Saras resmi memulai kehidupan baru, setelah menyelesaikan pendidikan ekonomi di salah satu universitas ternama di Yogyakarta. Ia mulai mewujudkan mimpi-mimpinya satu per satu tanpa campur tangan orang lain. Saras telah membuktikan kepada dunia bahwa dia bisa berdiri dengan kakinya. Sekilas, perempuan bermata sipit itu menatap wajah pria di depannya dengan senyuman licik di ujung bibir dan menerima uluran tangan itu.
“Terima kasih atas kesempatan yang sudah Bapak berikan kepada saya,” balas Saras, lalu undur diri dari ruangan bernuansa putih. Ia berjalan dengan perasaan bangga. Ya, dia berpongah-pongah karena dalam waktu dekat bisa melancarkan aksinya untuk memuaskan suatu hal yang tertunda selama dua tahun.
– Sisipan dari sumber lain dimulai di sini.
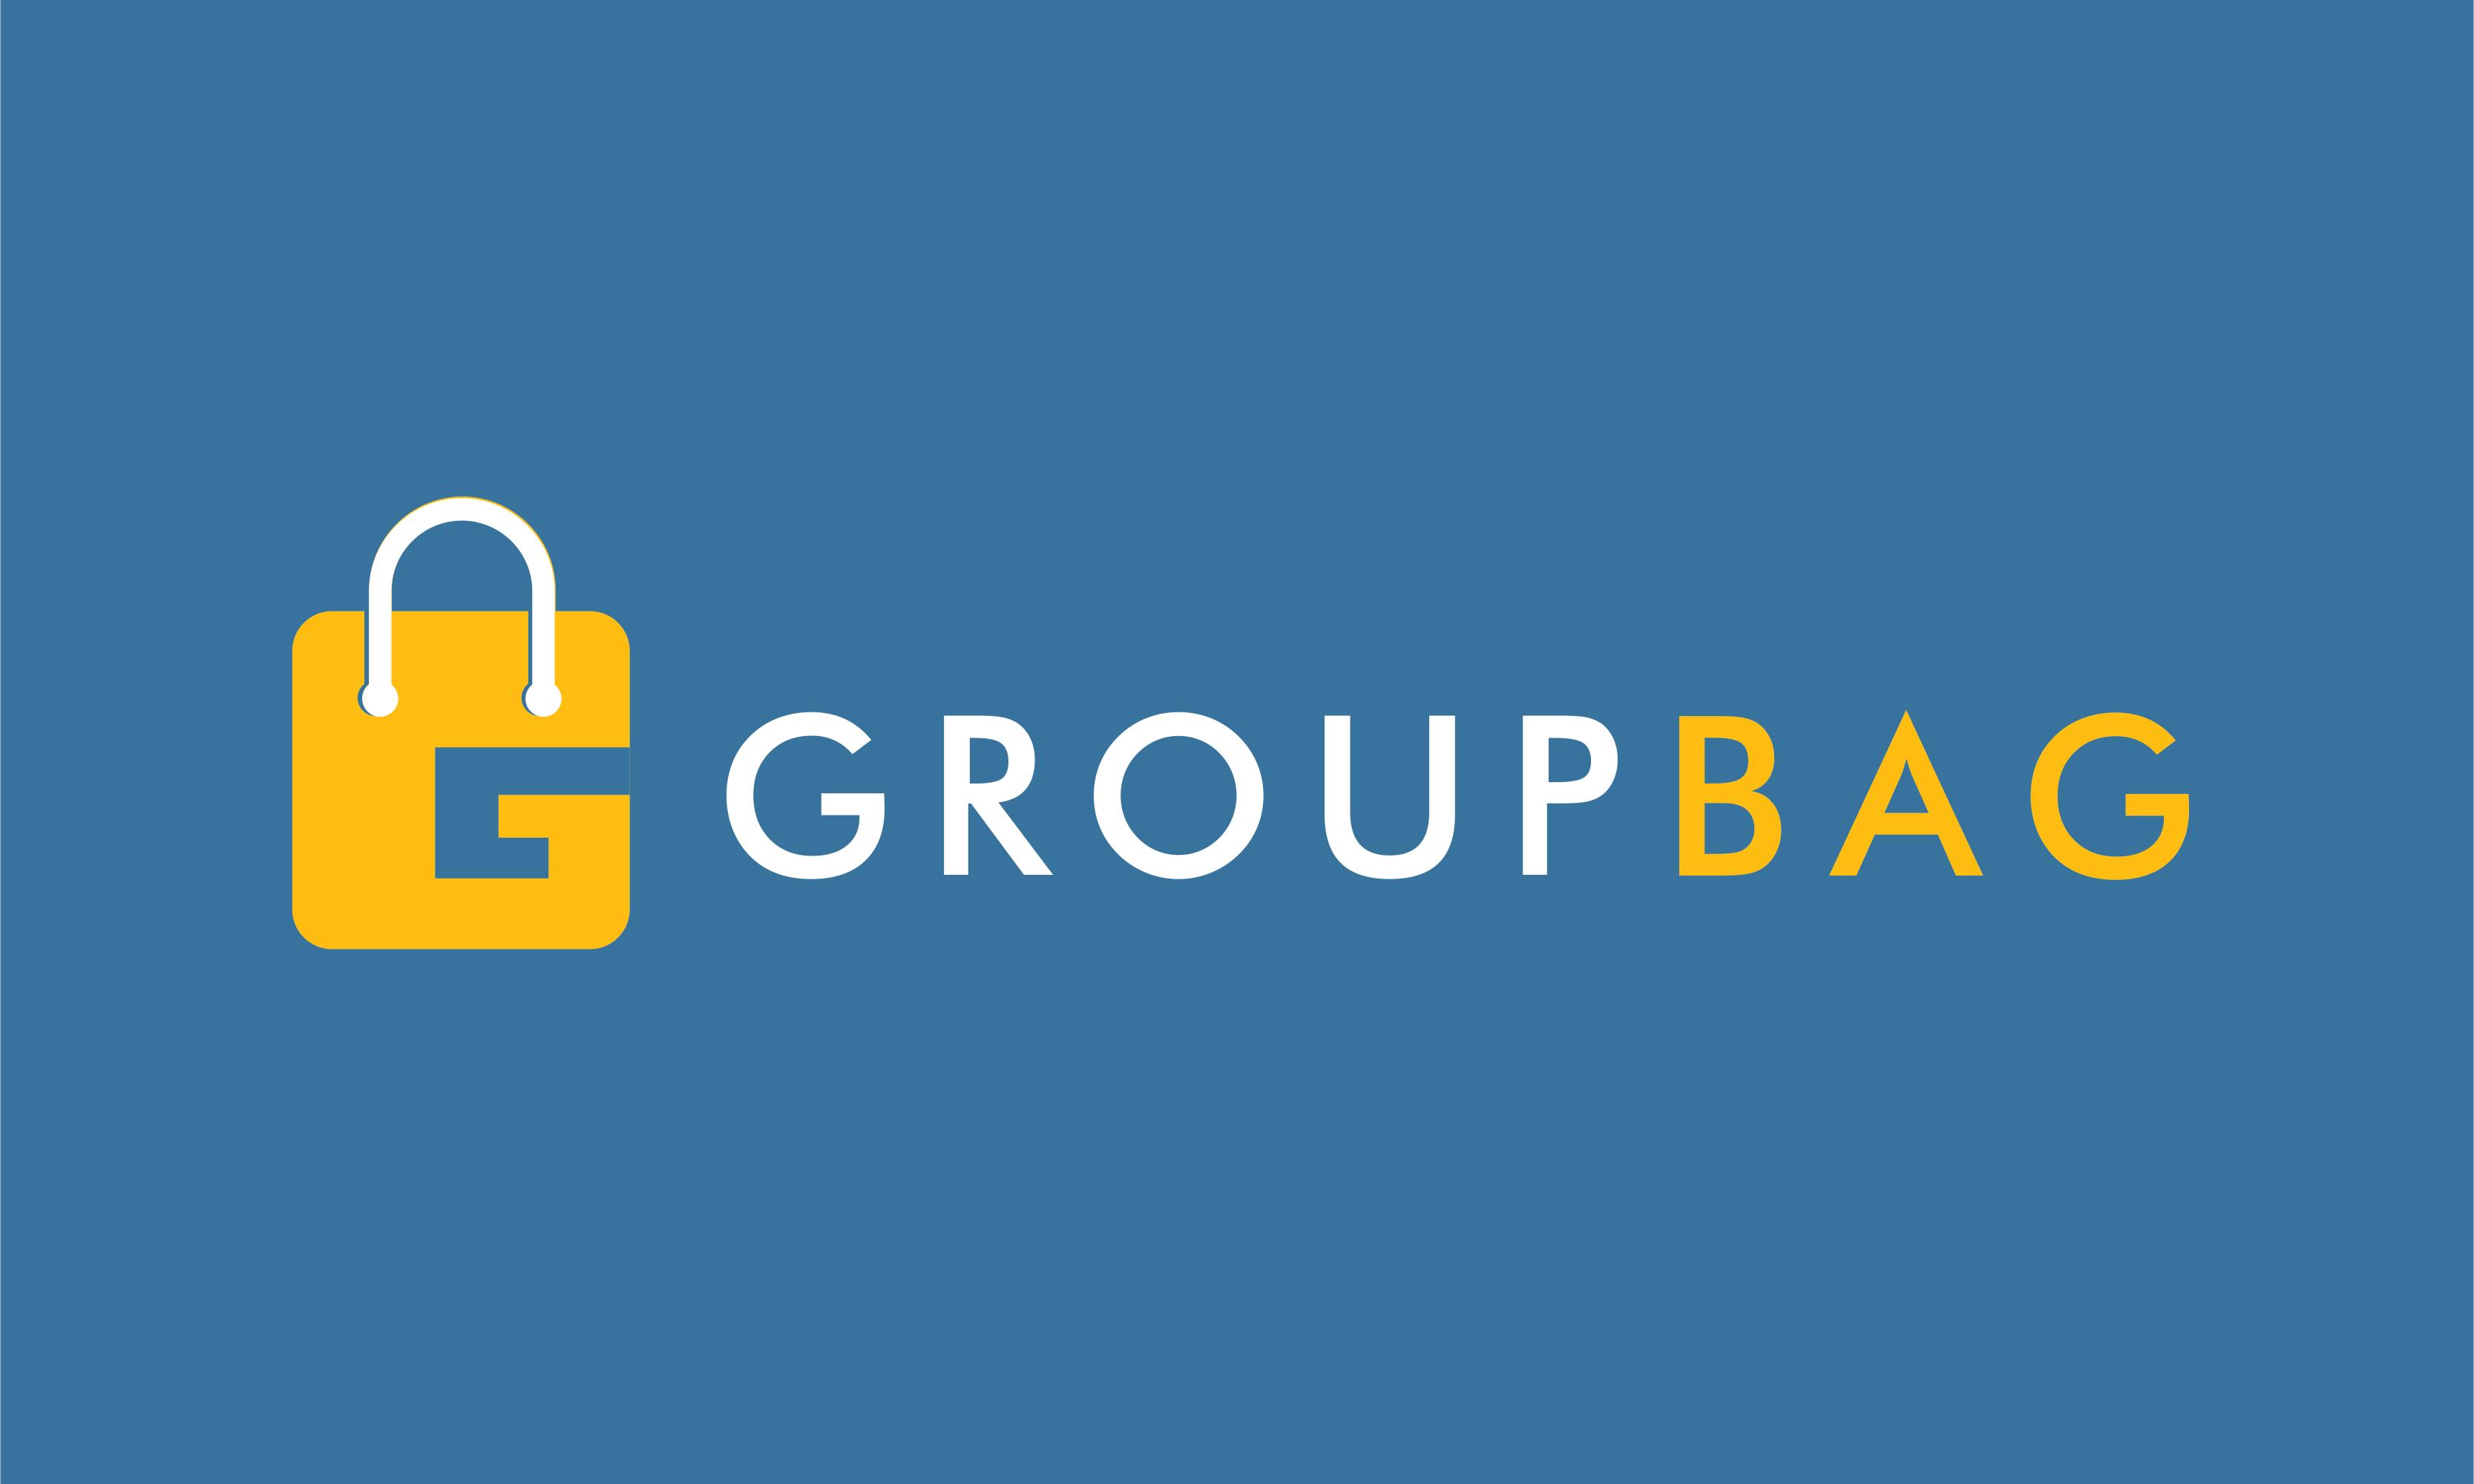 Groupbag

Selamat datang di duniaku, Pak Arsyil! Aku jamin, kamu tidak akan bisa keluar dari lingkaran setan yang sudah kurencanakan. Aku sudah lama menunggu momen ini. Bersiaplah untuk mendapatkan hadiah terbaik dariku. Begitulah batin Saras—setelah membaca name tag— saat melangkah keluar dari pintu, kemudian menutupnya rapat.
Seperti interview pada umumnya, Saras mulai bekerja di keesokan harinya. Kini, dia berada di kontrakan. Tubuhnya direbahkan di atas kasur, matanya menatap langit-langit kamar meratapi kesendirian. Hidup sebatang kara memang terlihat memilukan, tapi Saras bisa tetap bernapas dengan tujuan yang mulia—baginya. Tak terasa, playlist musik dari ponsel dengan casing berwarna biru laut berhenti. Dia sudah menghabiskan waktu cukup lama untuk mendengarkan lirik-lirik galau berbahasa Inggris. Saras beranjak, duduk di tepi kasur menatap kosong ke arah dinding.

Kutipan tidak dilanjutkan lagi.